A gift, or a burden?
Many business owners feel that they are handing their children a gift when they give them the business. For the children, it may feel more like a burden, especially if the company has been lingering between the three stages of corporate transition.
The first stage of a corporate transition can last decades. The core problem for the early stage of a family business is survival. Leadership in the first stage is highly personal and is dominated by the founder(s). The company moves beyond merely being a way to sell your craft. It evolves into a “real” company with lots of people doing busy things. The management structure is informal and typically only has two management levels — the founder and everybody else.
During the second stage, the company experiences predictable deal flow from a nonconcentrated customer base. The business has documented workflows and access to capital, and requires specialized functions such as marketing, legal and operations. Management matures to three levels, including quarterbacking specialized managers.
The third stage of company growth could see a division of separate units within the company, such as cross-selling opportunities of different product lines. Each of these units could be run as independent organizations. Management has four levels of management, including overseeing general managers.
To cross the fractured lines between growth stages, companies need to respond to transitional strains and partially reorganize. The best time for the company to respond to these strains is between periods of growth. Slower periods force management to examine what the company has grown into and what must be done to lift it to the next level.
This doesn’t mean that the response should be performed hastily. Time is required for the company to realign itself with new management systems.
However, family and corporate transitions often occur at different times. That means there are more precarious bridges to cross, making it more likely your company will veer off and end up in the ditch. This is a time when headstrong owners may argue, ‘If it ain’t broke, don’t fix it.” But, the horse and buggy wasn’t broke, either.
Development from one stage to the next cannot occur if top management doesn’t allow the company to take the critical next steps. That’s when an ambitious younger generation can step in and move beyond the firm’s traditional practices. There are advantages to the family and business transition occurring at the same time as Bruce did.

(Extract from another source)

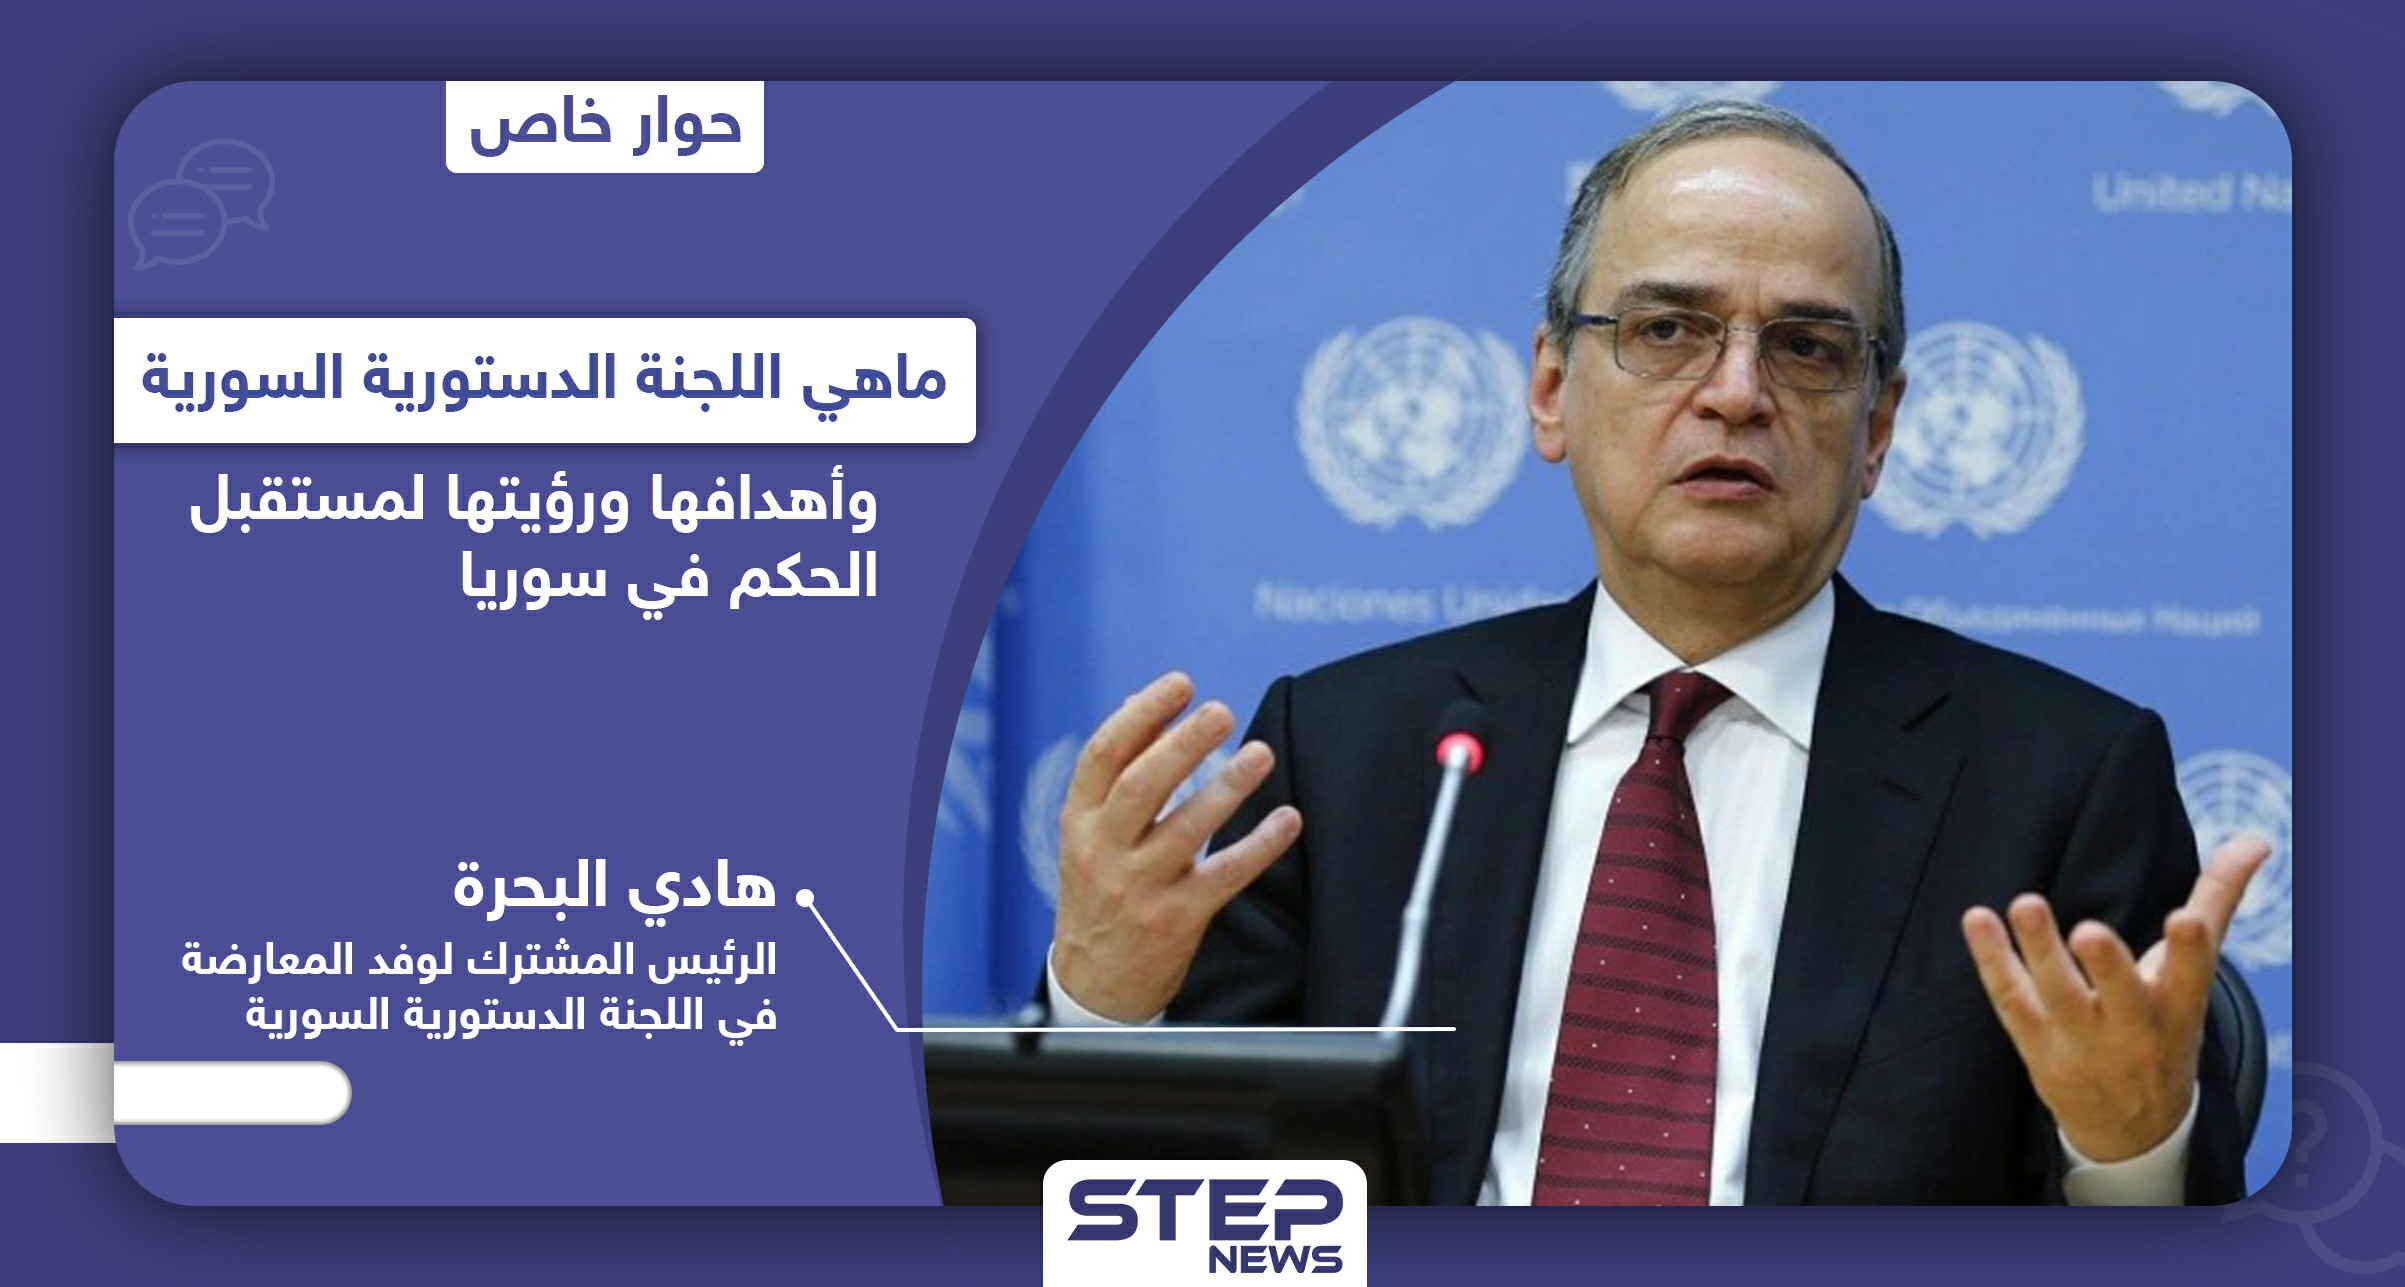 هادي البحرة يوضح أهداف وتفاصيل اللجنة الدستورية السورية

Bruce started a small motor repair shop in Melrose 50 years ago. He expanded and started selling the used motorcycles he repaired. Then he started selling new motorcycles. Then accessories and other small-motor vehicles.
Bruce was navigating his company right up to its second stage. It wasn’t broke, so he had no intention of fixing it. Bruce was content to hold on to and keep working at the company until he died, at which point he’d hand over ownership and control to his son, Ron. But, at that point, Ron would be ready to retire!

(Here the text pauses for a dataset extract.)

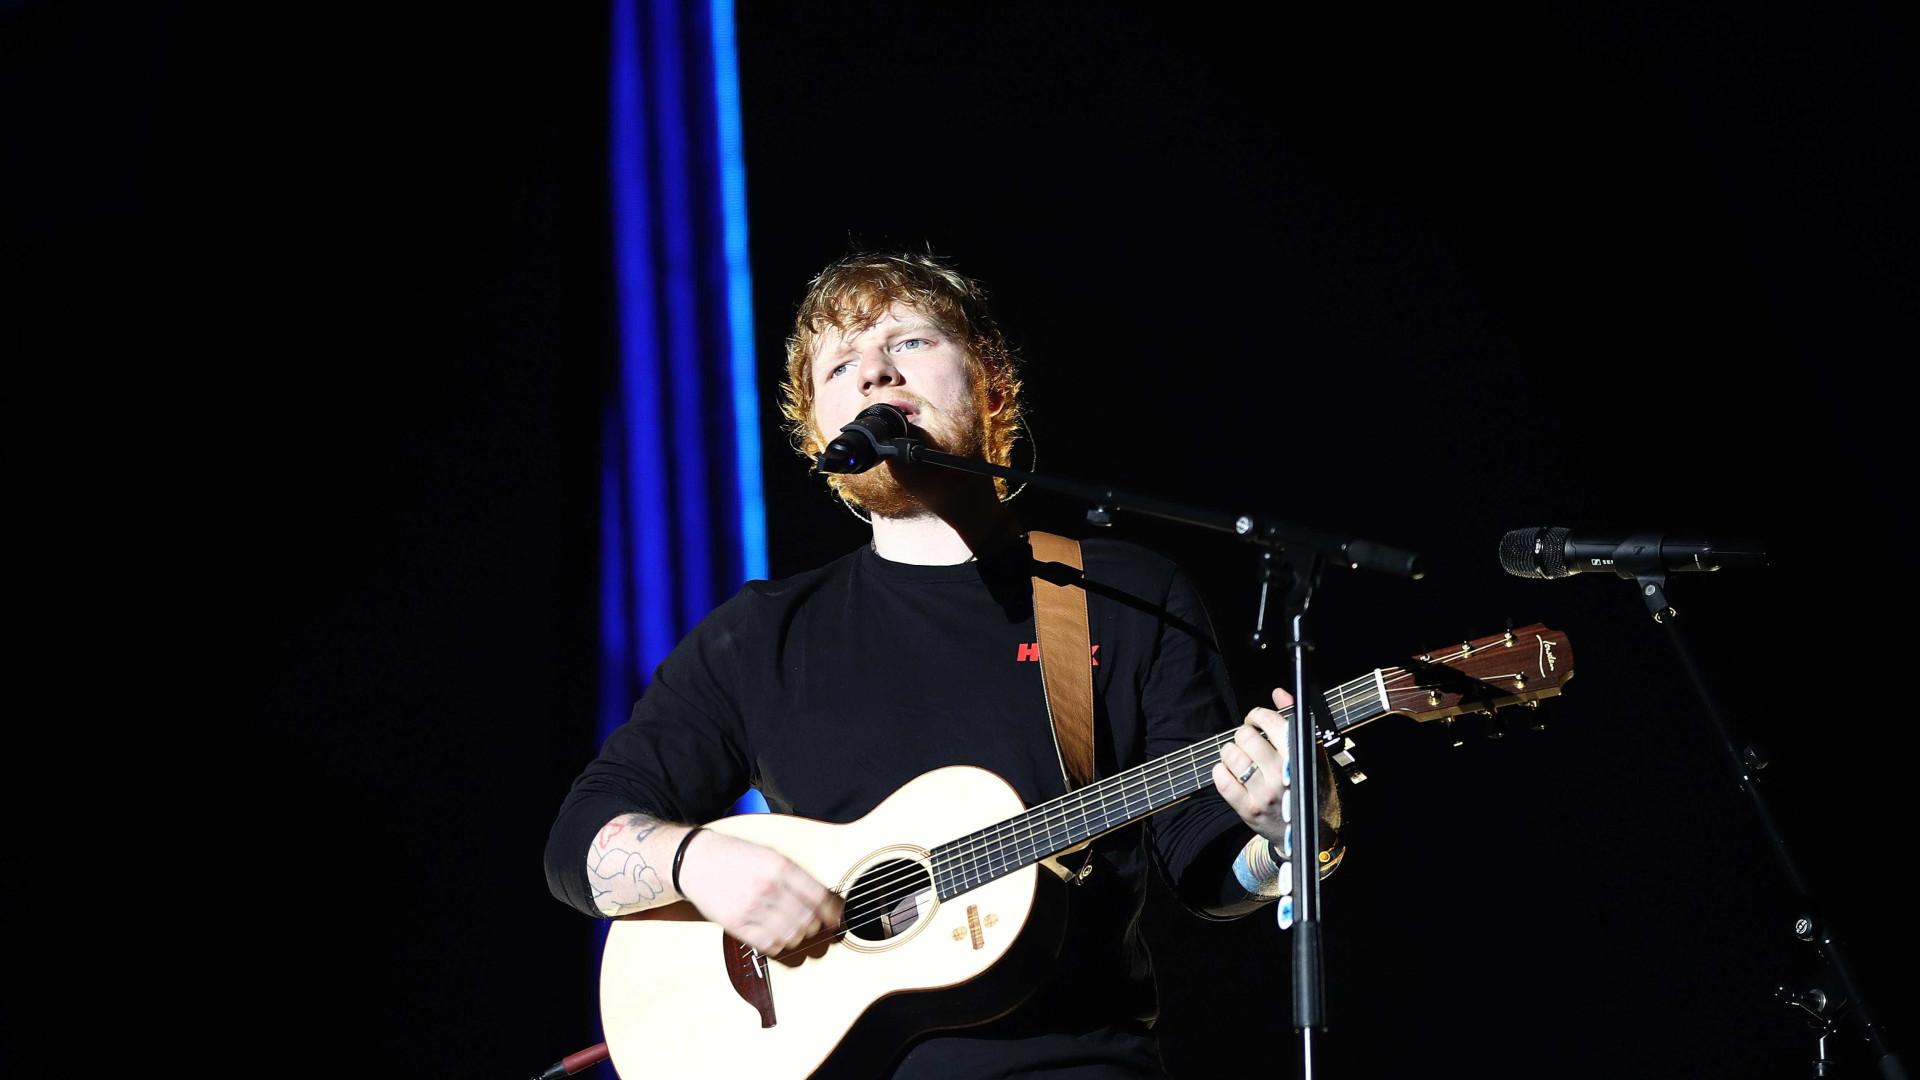 Ingressos para shows de Ed Sheeran no Brasil custam até R$ 650

Family transition aside, Ron saw threats to the business. Bruce was OK with stagnating sales, but Ron was concerned that robbed employees of advancement opportunities, which meant staffing challenges. Also, profit margins were smaller than those of larger dealerships.
Ron wanted to address these threats by acting on the opportunity of opening showrooms in untapped markets in the region. Through thoughtful dialogue and a handful of concessions, Ron convinced his dad to step aside. Ron opened two additional showrooms and concentrated management at the original location.
Economies of scale boosted gross profit margins. Upper management was able to delegate to specialized roles, allowing for workflow efficiencies. The company wasn’t going to move to the next corporate stage if the family roles didn’t transition at the same time.
The most important consideration is that the owner of the family business acknowledges that the best thing they can do for the company — and the family — is to allow for a proper and timely transition. A successful family transition can mean a new, more prosperous beginning for the company.